◆ **Problem statement**:
In the copy, include all of the listing exactly and none of its pictures.

##### Data

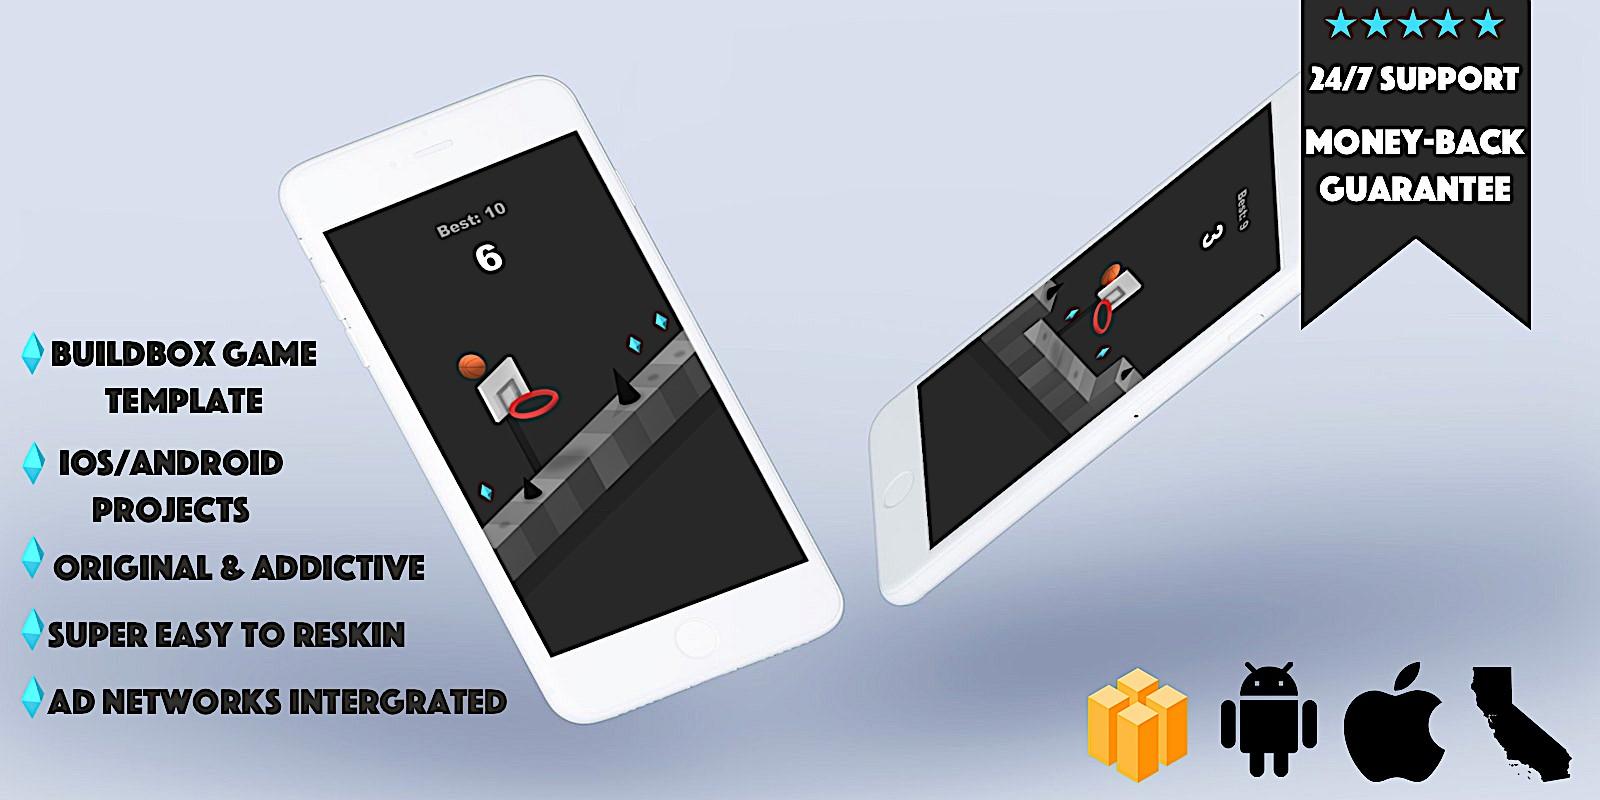 Jump Shot - Buildbox Template
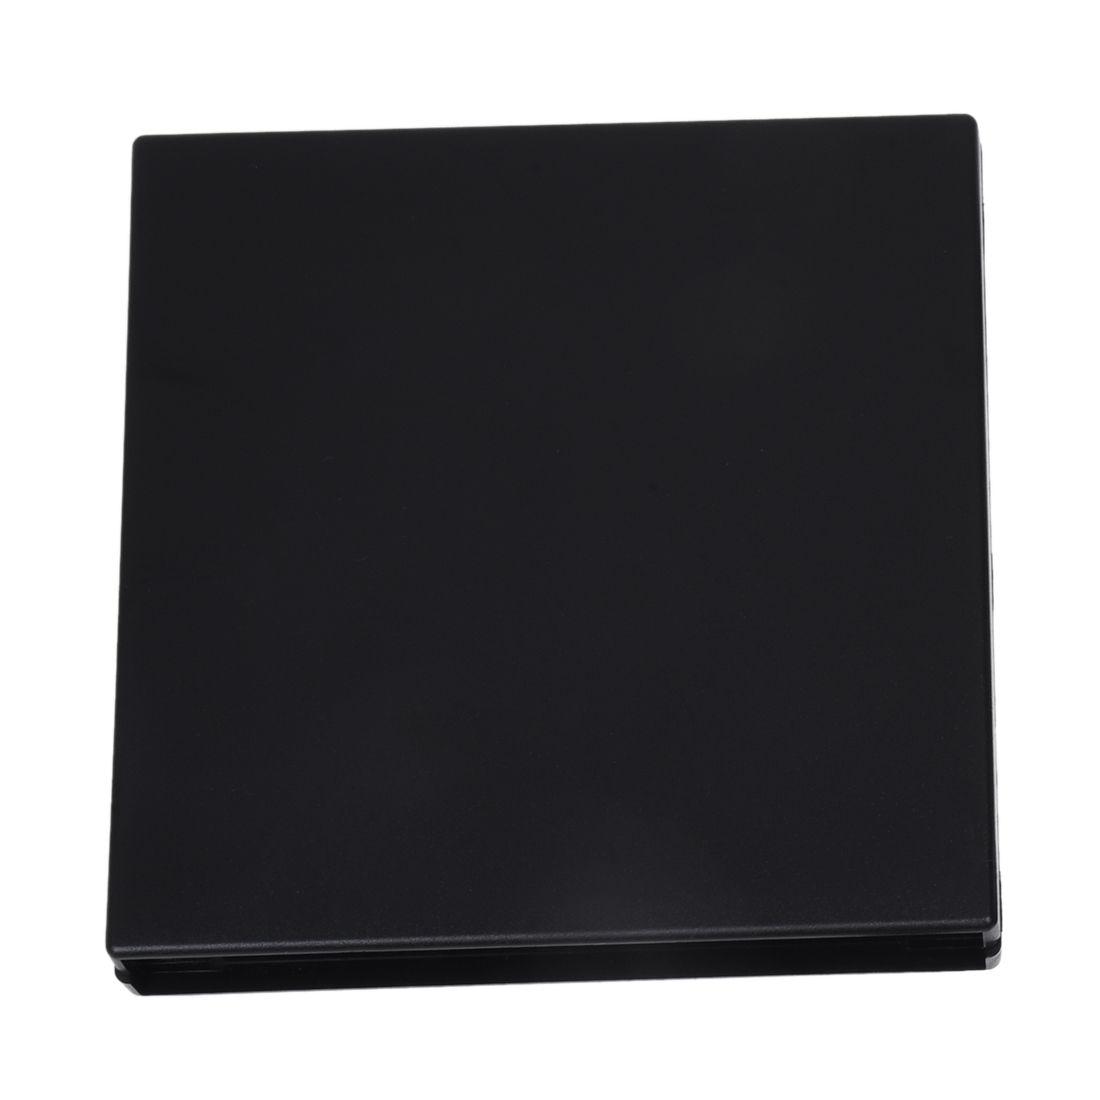 Portátil USB a Sata CD DVD RW cubierta externa Caddy
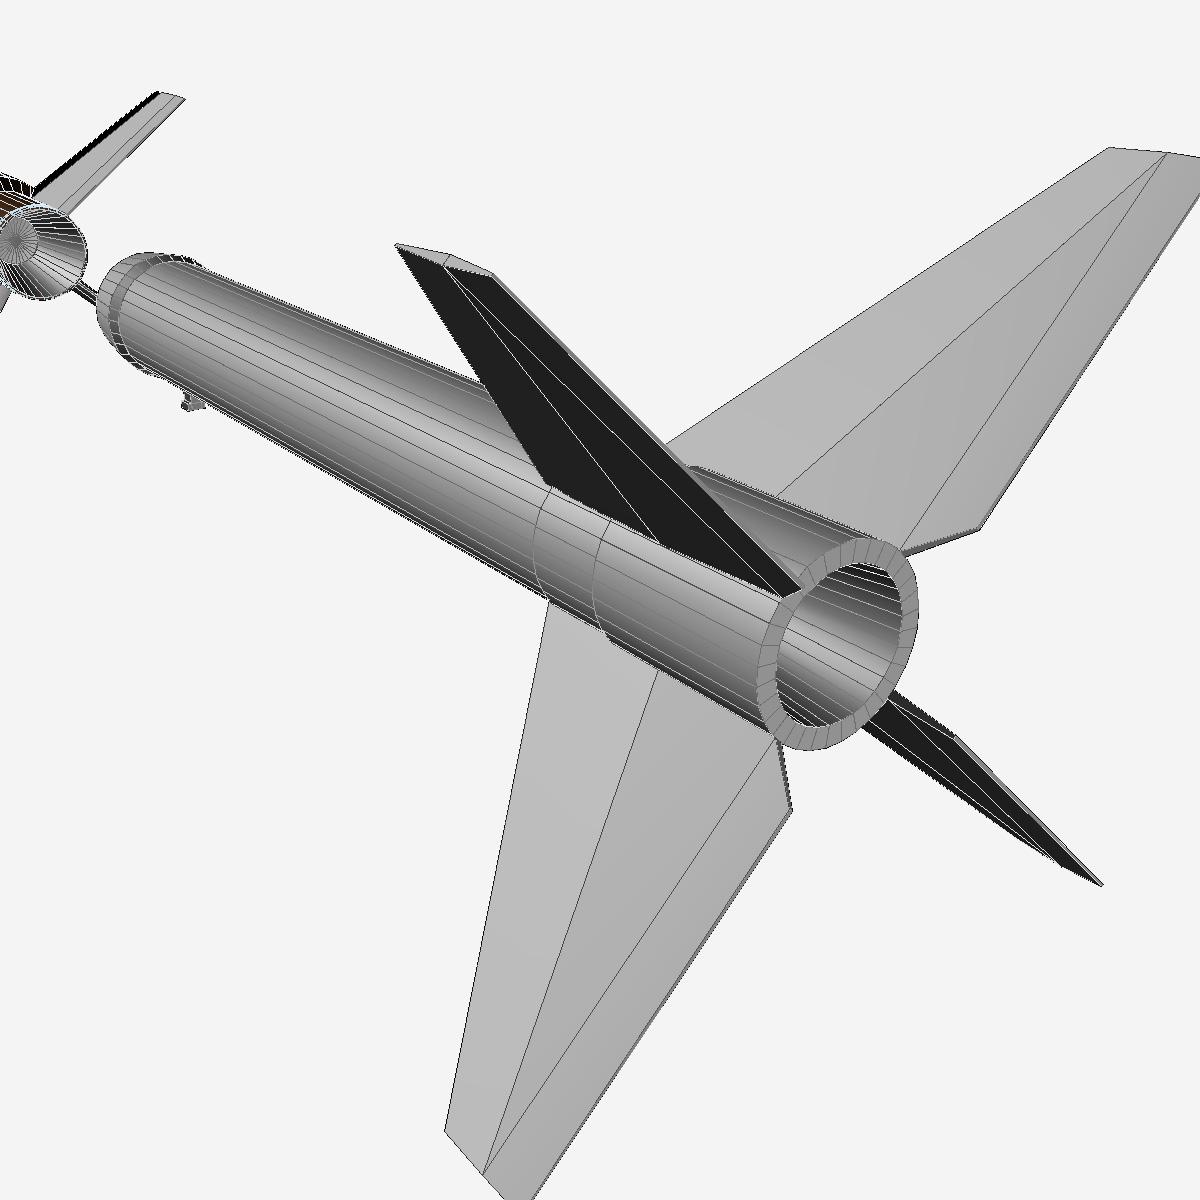 Astrobee 200 Rocket 3d model 3ds dxf fbx blend cob dae X   obj 165957

##########

◆ **Task output**:
 Jump Shot - Buildbox Template
 Portátil USB a Sata CD DVD RW cubierta externa Caddy
 Astrobee 200 Rocket 3d model 3ds dxf fbx blend cob dae X   obj 165957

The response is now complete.